Exercise data START

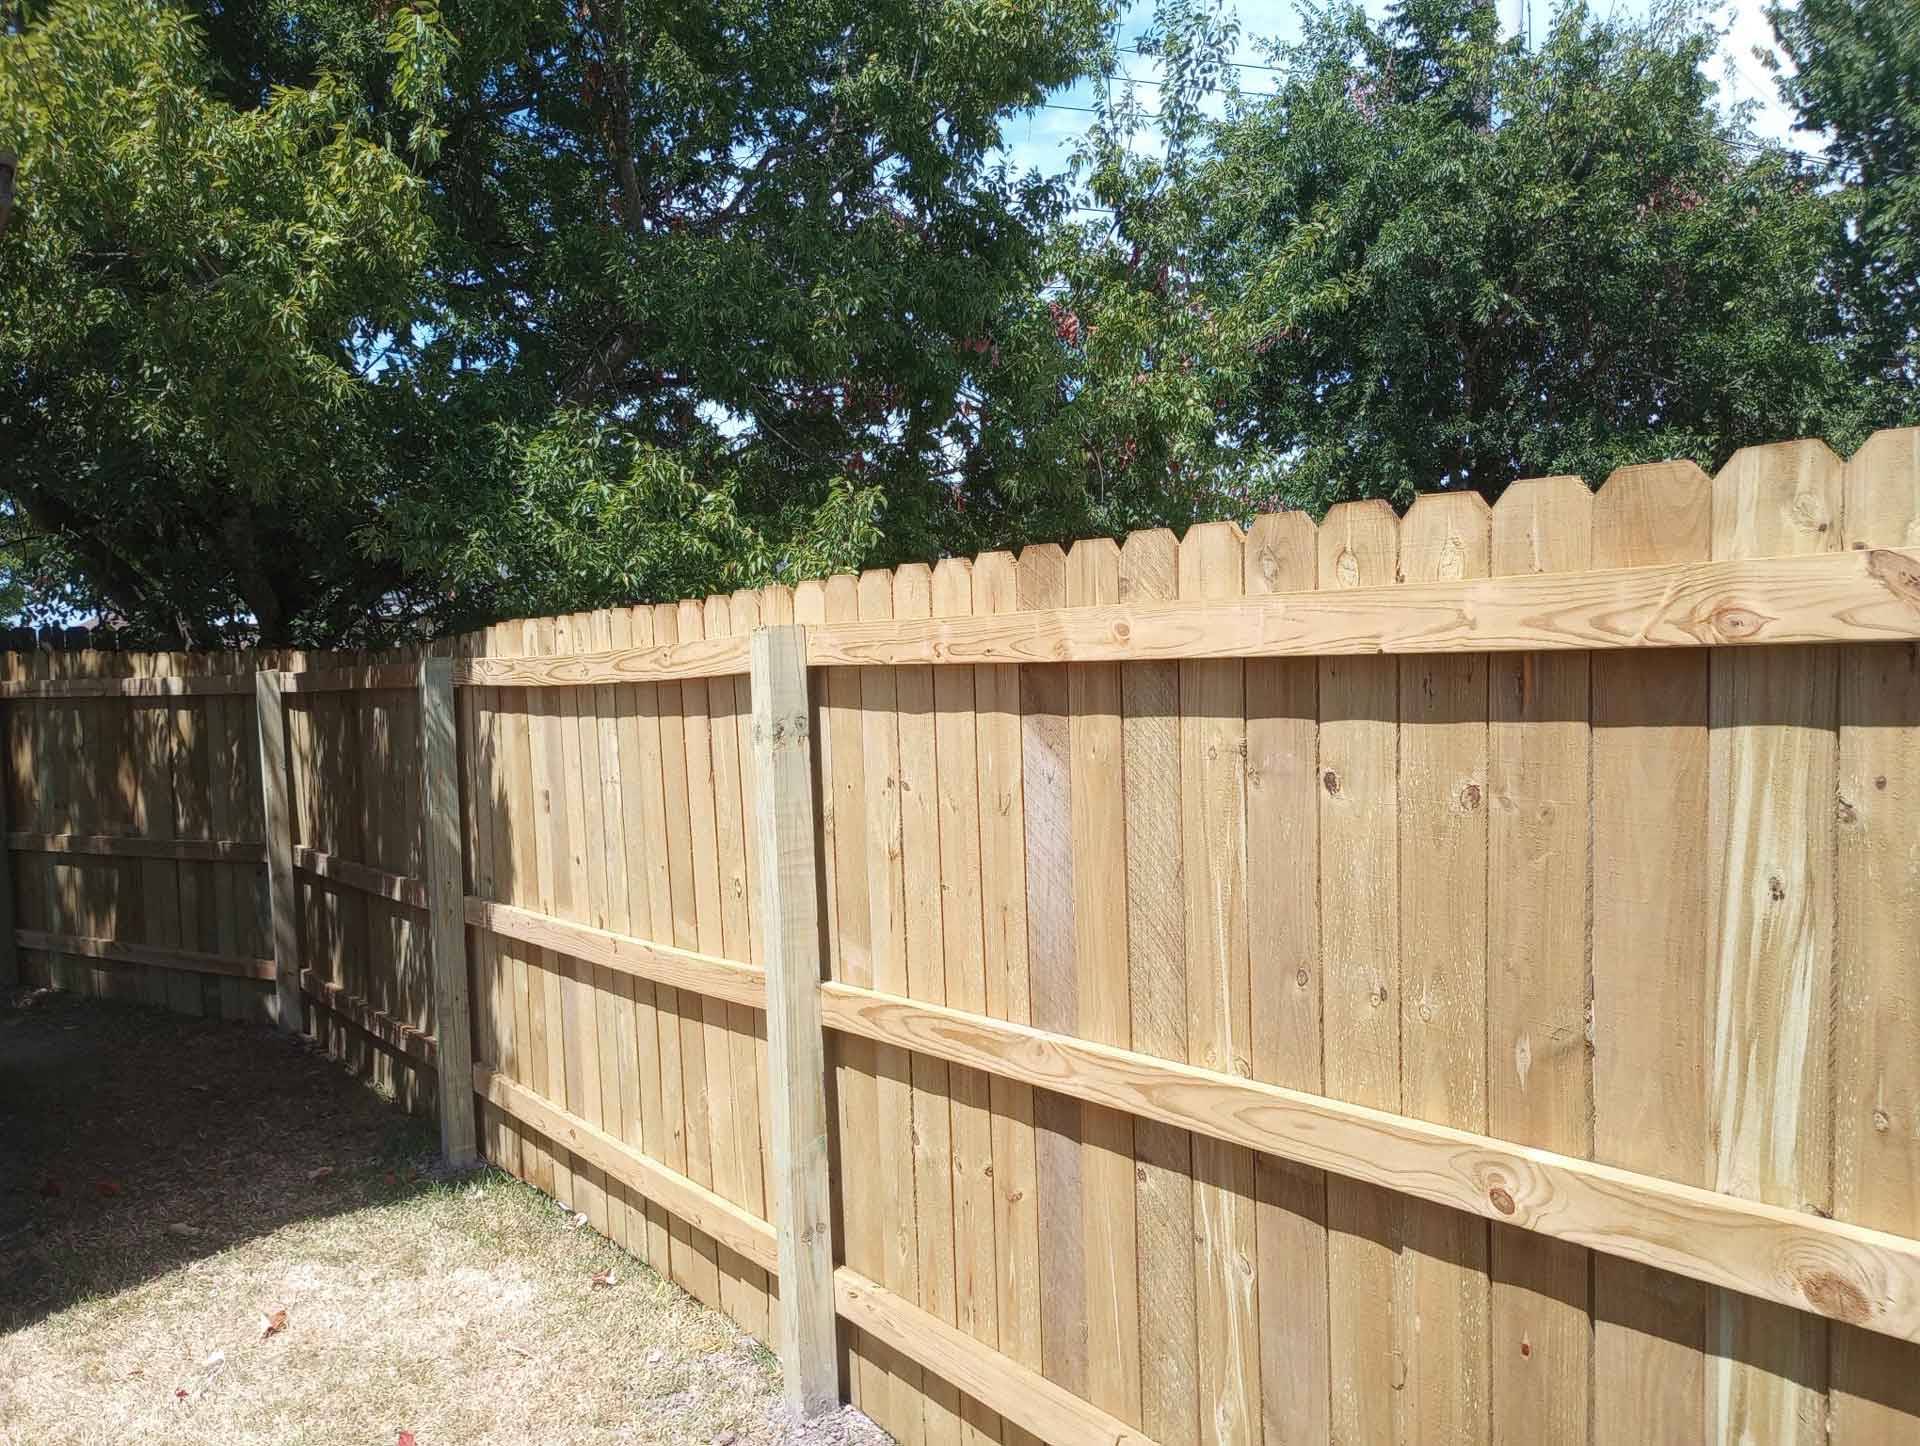 A wooden privacy fence
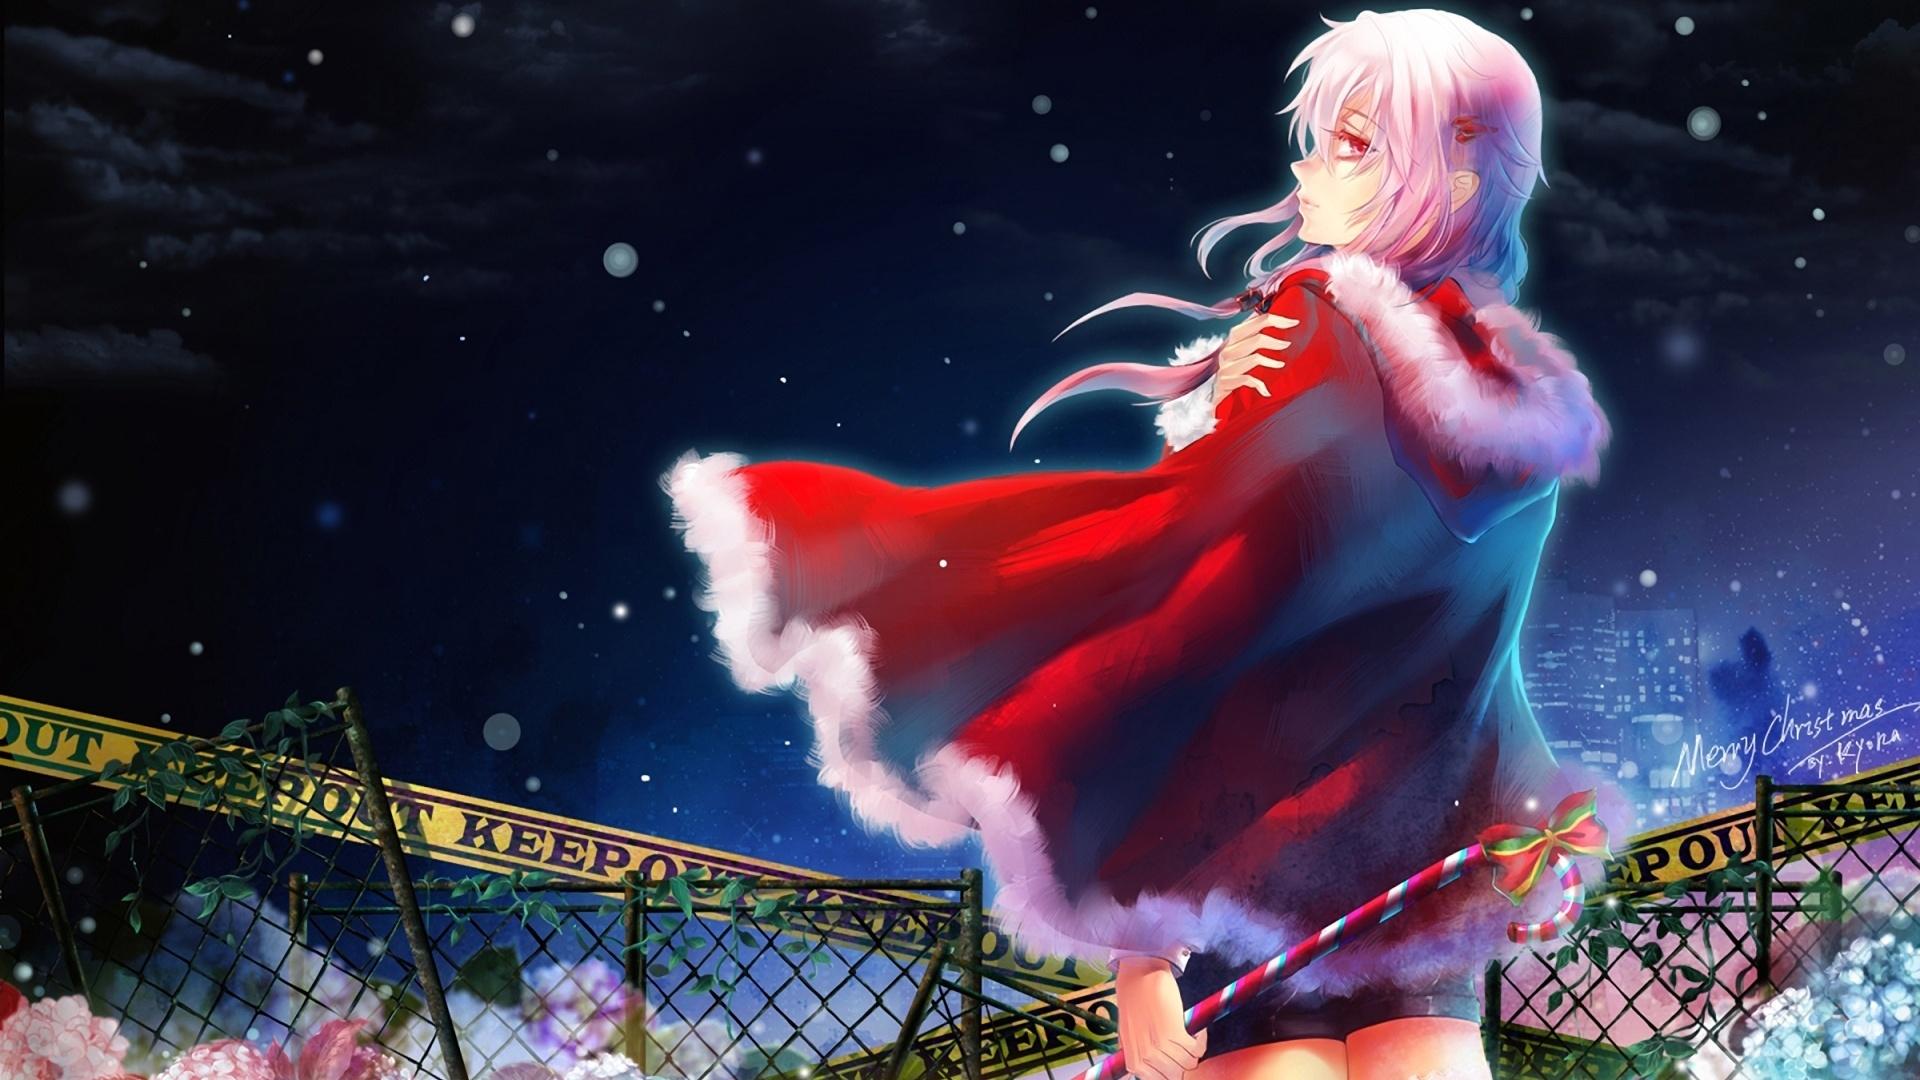 Anime Merry Christmas Wallpapers Wallpaper Cave
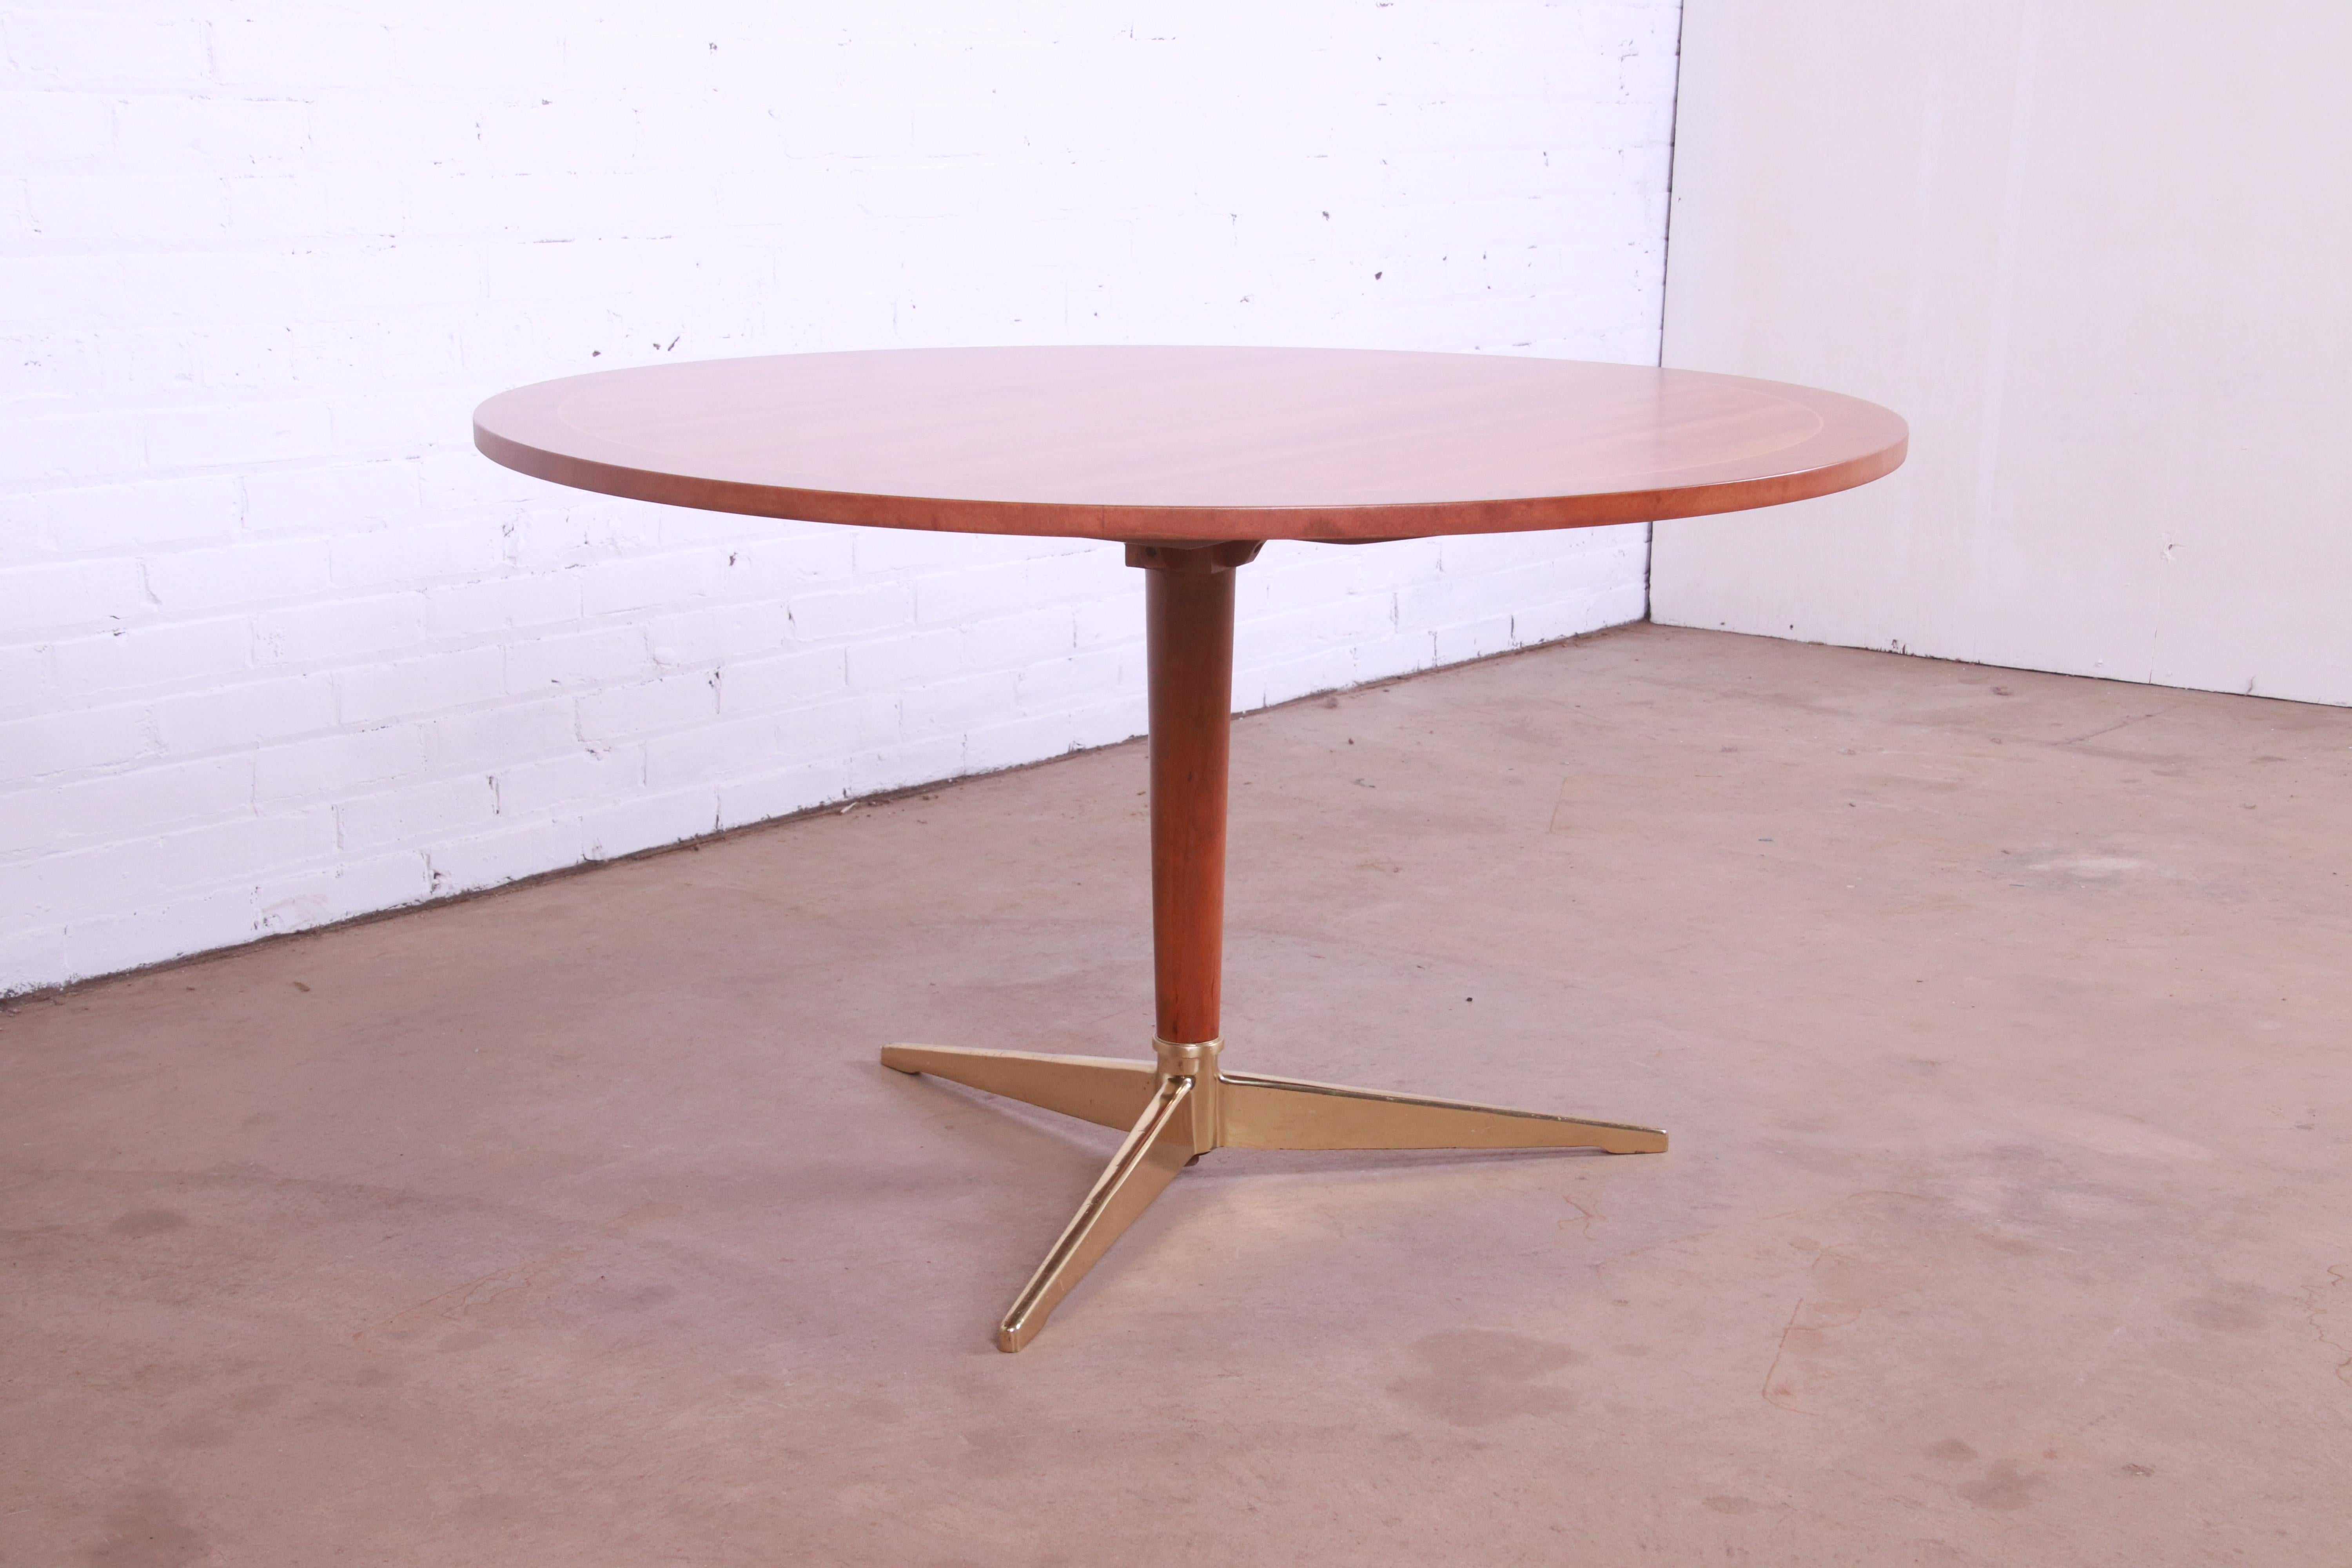 20th Century Baker Furniture Rotating Café Table in Cherry, Burl, and Brass, Newly Refinished

Exercise data END

Give the listing again exactly, excluding pictures.

*Exercise result:*
 A wooden privacy fence
 Anime Merry Christmas Wallpapers Wallpaper Cave
 20th Century Baker Furniture Rotating Café Table in Cherry, Burl, and Brass, Newly Refinished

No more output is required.